DerekVeit avatar Oct 04 '24 18:10 DerekVeit

Thank you very much Derek.

I see you are using pytest-style tests. This is hard to maintain, hard to understand, to much implicit stuff. If you see some resources it would help a lot if you could rewrite them in vanilla "unittest" style. But it isn't a problem if not. In this case I will rewrite them myself.

The tests on CI are failing because your Python is to "modern". We are still at Python 3.9.

Just to inform the others: Derek opened this PR on my request after offering an approach to solve the underlying problem in the Issue comments.

Myself I am not able to review it in the near feature. But keeping this as a PR will make sure that the work is not lost.

buhtz avatar Oct 04 '24 19:10 buhtz

Yes, as noted somewhere in my long comment above I will rewrite the tests in unittest style. Similarly to my ironically having used the wrong quote style (double, should have been single) in this code, I have mostly used unittest in the past too.

DerekVeit avatar Oct 04 '24 19:10 DerekVeit

Updates since 52c7478e:

  • converted the integration tests from pytest to unittest.
  • added ddt for those tests.
  • added pyyaml to replace my made-up format for the test data.

I still need to convert my other pytest tests and address some other things.

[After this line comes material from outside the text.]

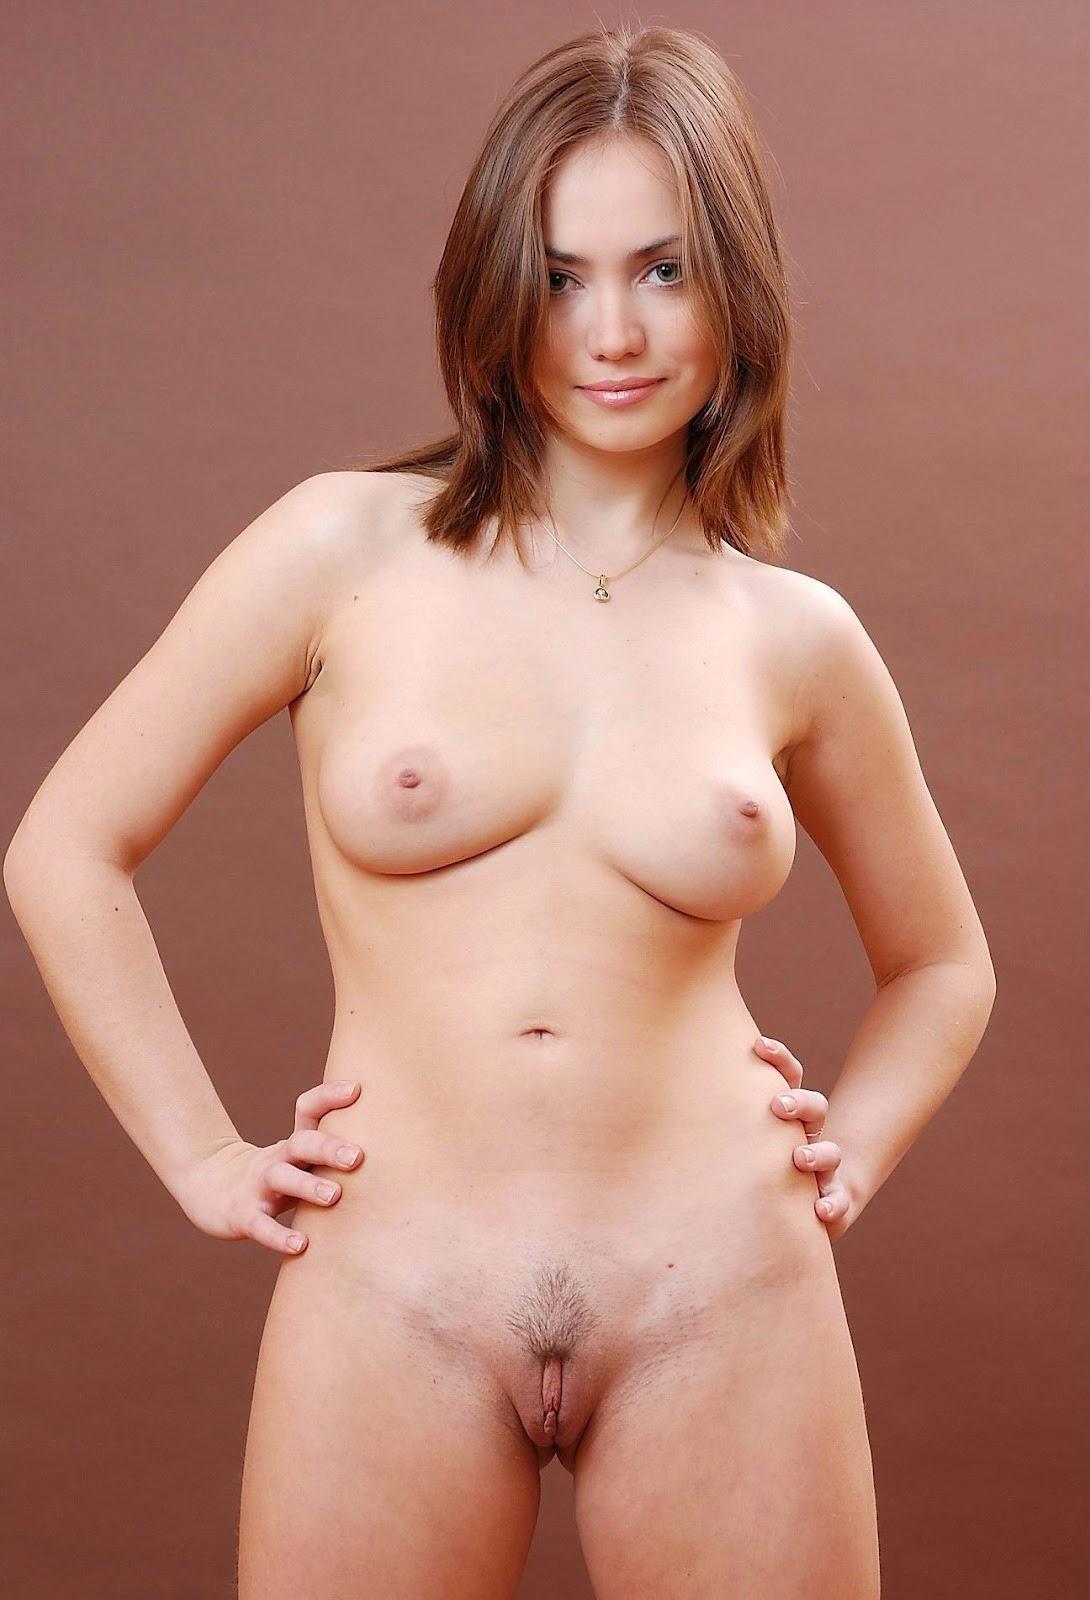 Naked girls show off ass

DerekVeit avatar Oct 18 '24 14:10 DerekVeit

I see I have a lot to learn with this PR. Very nice.

buhtz avatar Oct 18 '24 15:10 buhtz

Hello Derek, for your info. Before merging your PR and PR #1897 I will do release 1.5.3. This will take some time because I will do a release candidate first hope to find some testers for it.

After 1.5.3 I can work and test yours and PR #1897. When they are merged I will soon target a 1.6.0 release.

Regards, Christian

buhtz avatar Oct 18 '24 18:10 buhtz

OK. Although the tests pass, I'm still working on this pretty much. I'm pushing it here mainly for visibility of what I'm doing. I'm also probably going to revise my tests to use pyfakefs. And it is still not taking EncFS into account. So I don't see it as ready for merging yet.

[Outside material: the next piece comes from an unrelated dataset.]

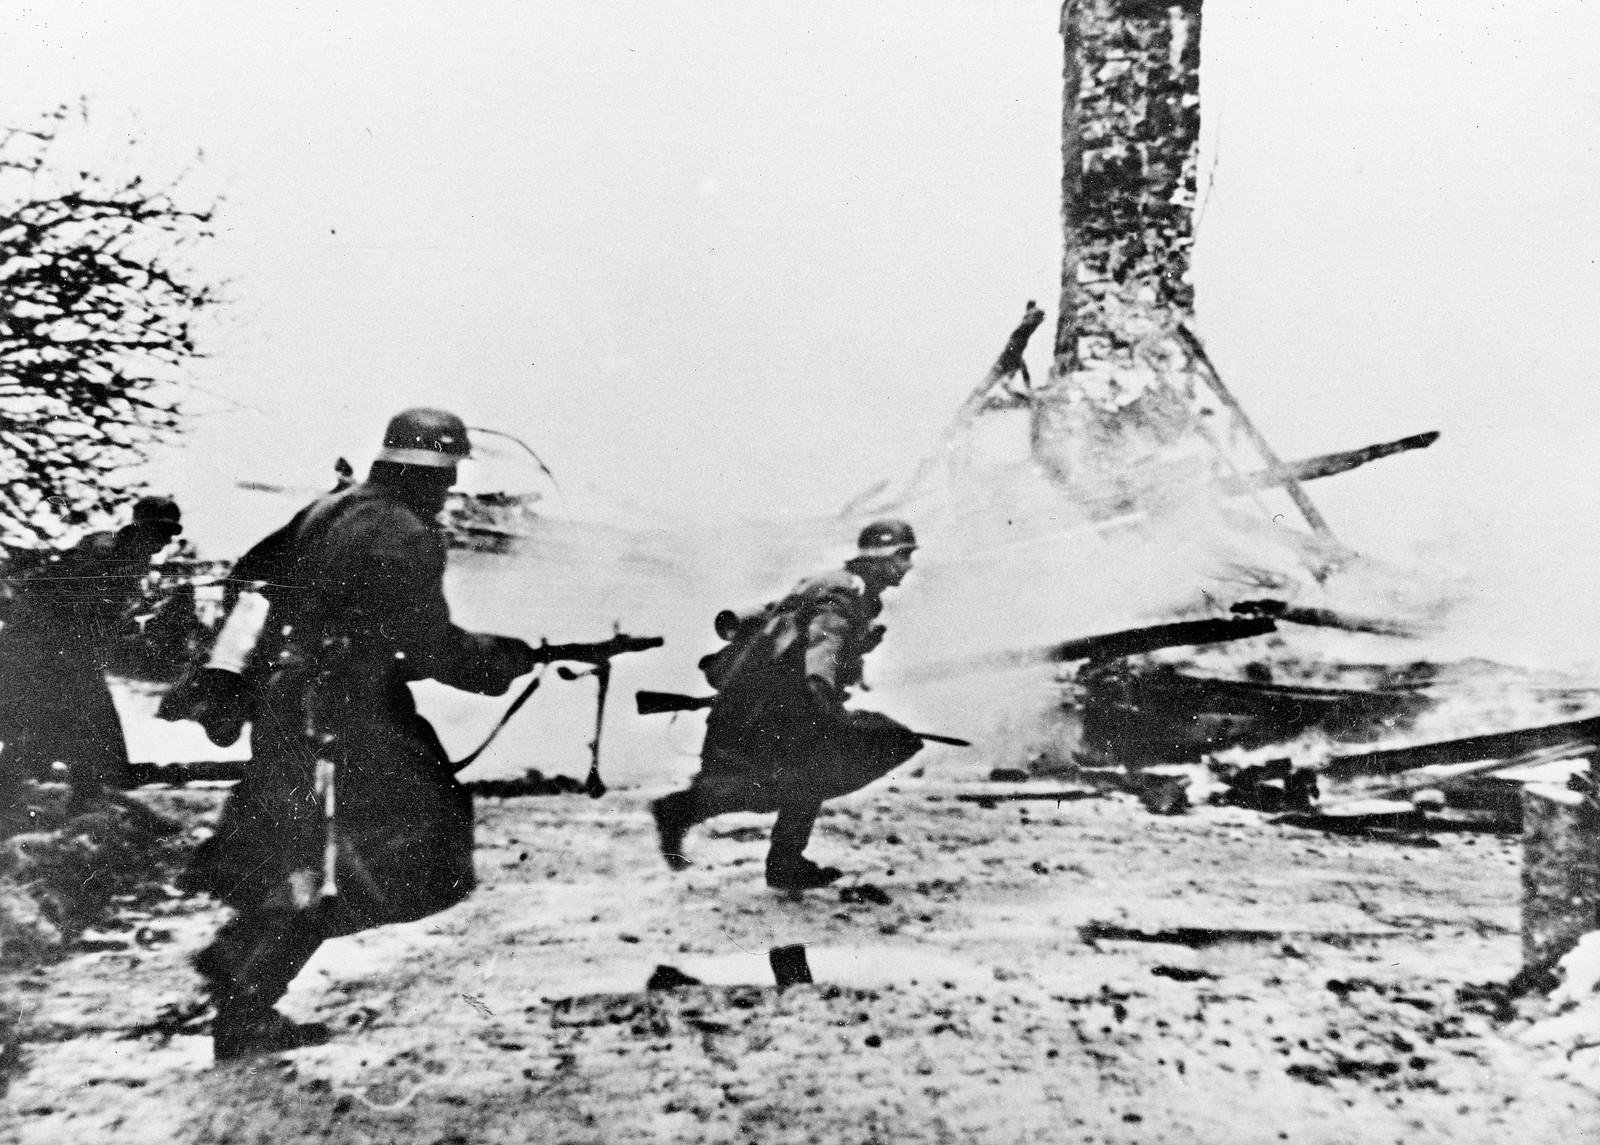 Det var kamper i Sør-Norge etter den tyske invasjonen, her fra Haugsbygd på Ringerike.

DerekVeit avatar Oct 18 '24 18:10 DerekVeit

Hello Derek, Just for your information. I do plan the next release (1.6.0) before Christmas.

How is your schedule? Can I plan your PR for this release (1.6.0) or for the release after it (1.6.1)? No need to rush. I just need to know for the overall planing.

Regards, Christian

buhtz avatar Nov 27 '24 15:11 buhtz

No, unfortunately I have been away from it for all of this month, so it still needs the handling of EncFS, etc. I will be getting back to it soon, though.

DerekVeit avatar Nov 27 '24 18:11 DerekVeit

No, problem. Thank you for reaching out.

buhtz avatar Nov 27 '24 20:11 buhtz

Please note that I updated your branch to the latest dev. So you have to update your local branch.

buhtz avatar Dec 29 '24 09:12 buhtz

Just an idea? Is there a good reason against using rsync --dry-run in the unit tests? OK, the files and dirs need to be created in the real file system. But then we can parse rsync's dry-run output without wasting resources on copy something.

buhtz avatar Apr 30 '25 12:04 buhtz

That's worth considering, but I think that given

  • the need to write real files to begin with
  • small number of files and minimal amount of data
  • efficiency of Linux filesystem cache
  • speed of contemporary drives, i.e. SSD

that the test time saved is probably not worth complicating the tests with the dry-run output handling. I don't mean the difficulty or work of parsing it, which would be trivial, but that that output would be a proxy for correct behavior rather than real thing, which adds another layer of consideration (opportunity for error) when making sure that the tests are testing what we think they're testing, especially around special cases. Really copying the files has the simplicity that the resulting files should be the same as the source files, so that there is an apples-to-apples comparison. And no special knowledge about dry-run behavior is introduced. Also, the dry-run strategy would increase how much the tested code is being run in a "test mode," which I think is best to minimize.

I want to address your comments of a few days ago but will have to get back to you maybe later this week. I do want to finish up this PR too.